Who is that person?  Who dat?
Fast forward ten years…

Not a day goes by that I don't feel s*#t on.  Have you ever been s*#t on?  If not, I can offer you that opportunity in literal fashion here on the farm.  It's like, "really bird, did you really need to drop a load (AKA:poop) as soon as your flight pattern crossed my shoulder?". Okay, enough potty talk. What I really mean is like not being able to get a win to save your life.  Beat down and s*#t on. 

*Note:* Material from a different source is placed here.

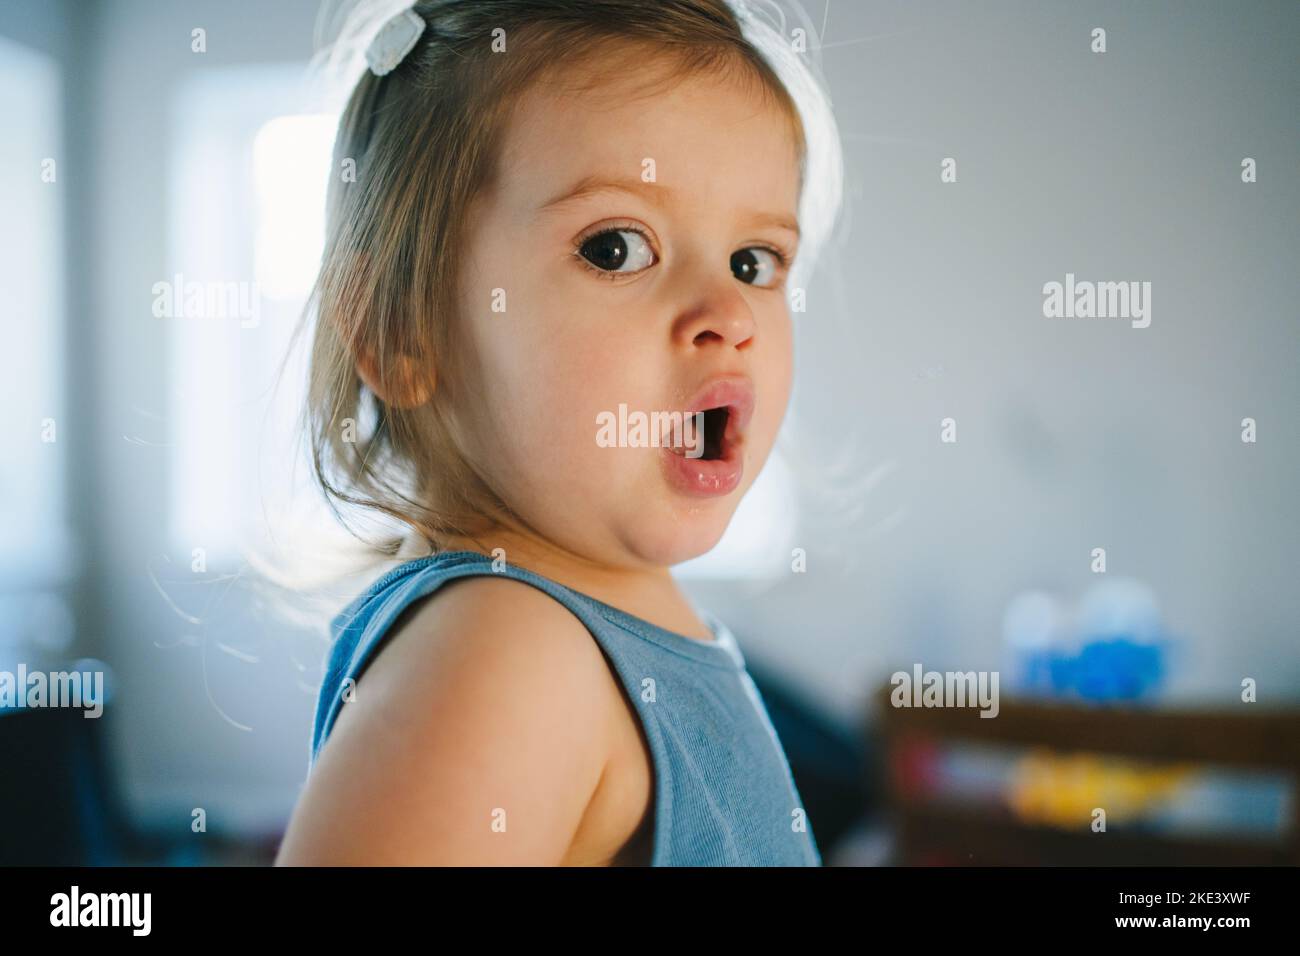 The portrait of a girl who just woke up, yawning and looking at the camera. Family concept. Closeup portrait. People emotion portrait concept. Stock Photo
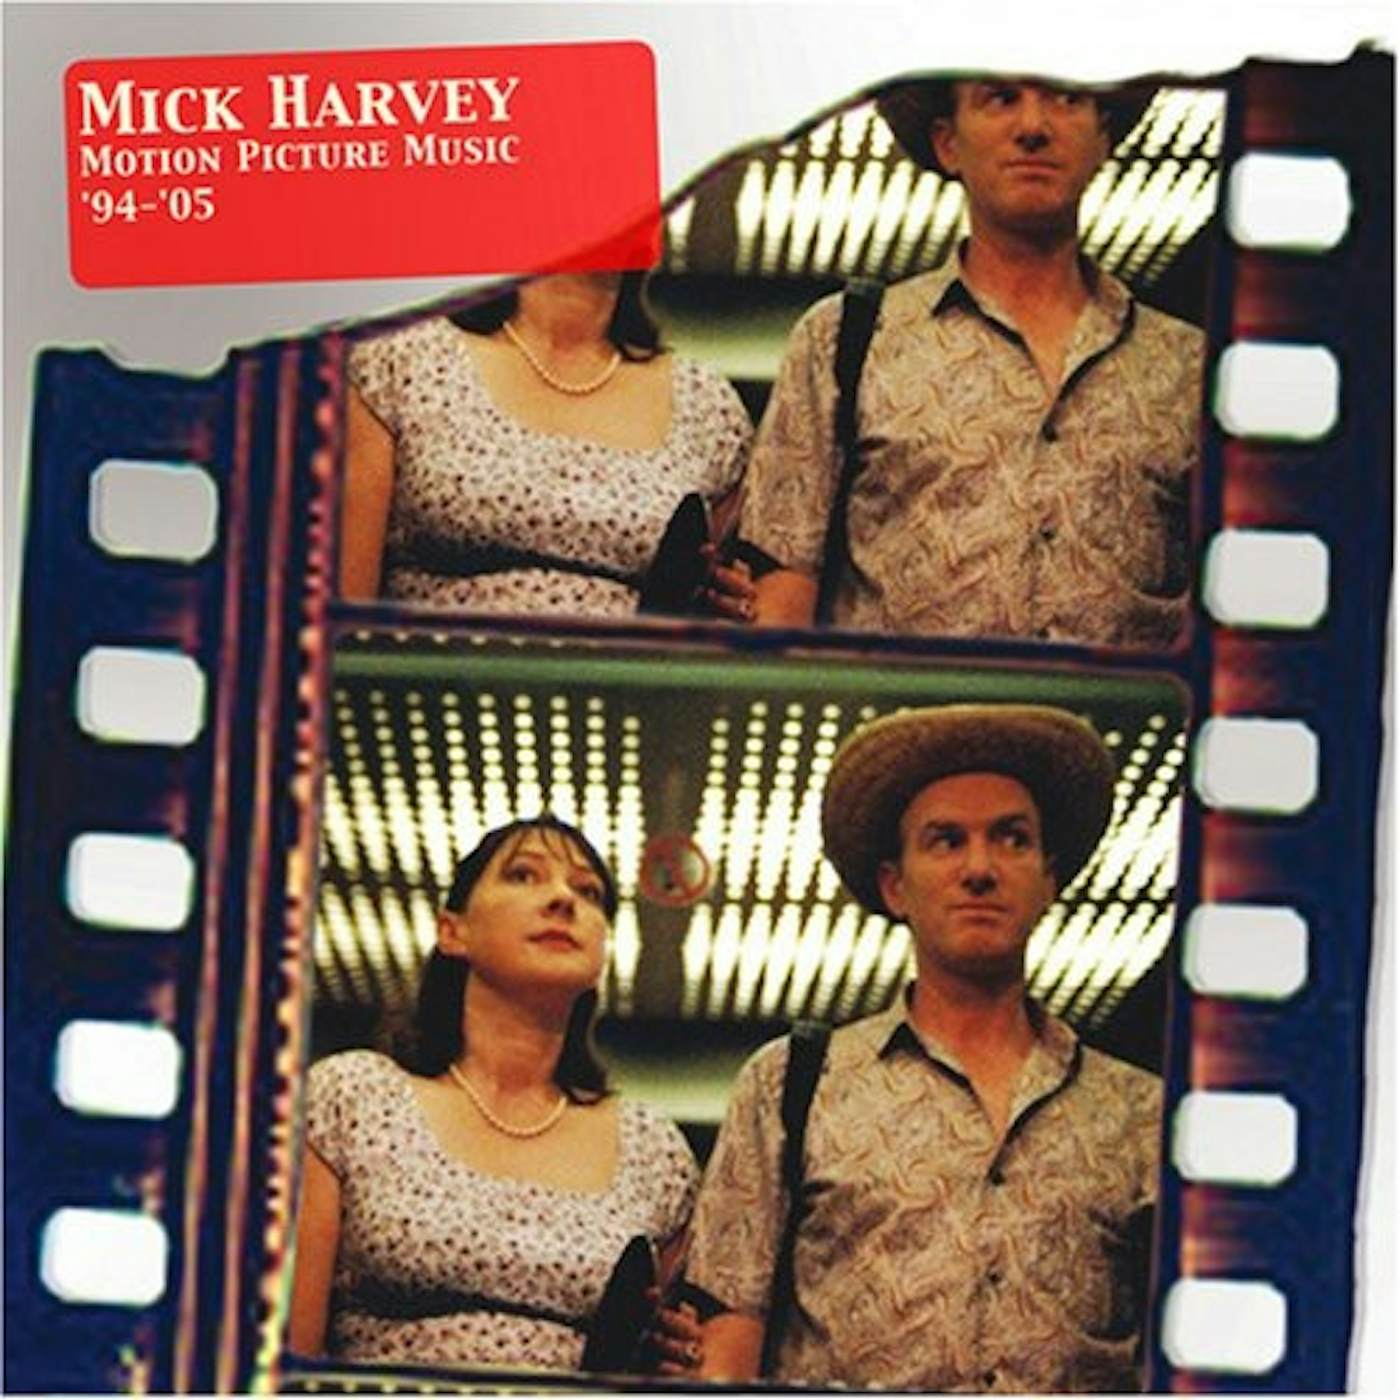 Mick Harvey MOTION PICTURE MUSIC 94-05 CD

Here, bird s*#t covers our patio.
Raising special needs kids morphs you into both a boxer and the punching bag.  You fight while being beaten.  And what’s so dang difficult about this is: I can’t fix it. I can’t cure it.  I can’t change it.  And despite the countless books, therapists, medications, and unsolicited advice, I can’t even make it better.  
The hustle is real.
I was sharing all of this with a friend. I basically EP’d (emotionally puked) all over her.  She listened with tender intention and mercy.  Then, when I was finished spewing my severely troubled heart, she said,

“How do you parent that?”

How do you parent that?  Right?  You’re so busy keeping your family, marriage, sanity, home and self worth together that it leaves anything but room for parenting.  This might sound crazy, but her question, her simple question, got me like white on rice.  It was almost profound.  No one ever talked to me about actually parenting special needs.  Real, innate parenting.  Parenting.  Not damage control, not coping, not surviving, not crisis management, just parenting.  So you know what I said?  With all the dark emptiness I had inside, I said, 

"I don’t know"
And then I cried (I cry a lot).  My role as a parent and my God given instinct as a mother were buried under the suffocating mounds of survival turmoil.  Once again, there I was on the salty and cold sand, washed up.
Another washed up beauty.
"Sucking the marrow out of life doesn't mean choking on the bone."
Robin Williams
This is where I am supposed to flip like a switch and go all positive on you. Positive Polly.  That was my intention when I thought about flinging this out there into cyberspace.  But Polly can’t come to the computer right now.  She’s tired, anxious and too busy caring for the sweet little boy that bursts her heart, stretches her mind, pushes her body and captures her soul.  He has a fever today so there, there it is!  Polly is parenting for her special one the way only a mother can. Fevers and colds don’t discriminate.  They infect special needs too and somewhere beyond the sticky drops of Motrin and snotty tissues I smile and picture God winking at me.  Parenting does happen. It happens in moments.

Only a parent can love a child like no other.  Love wins.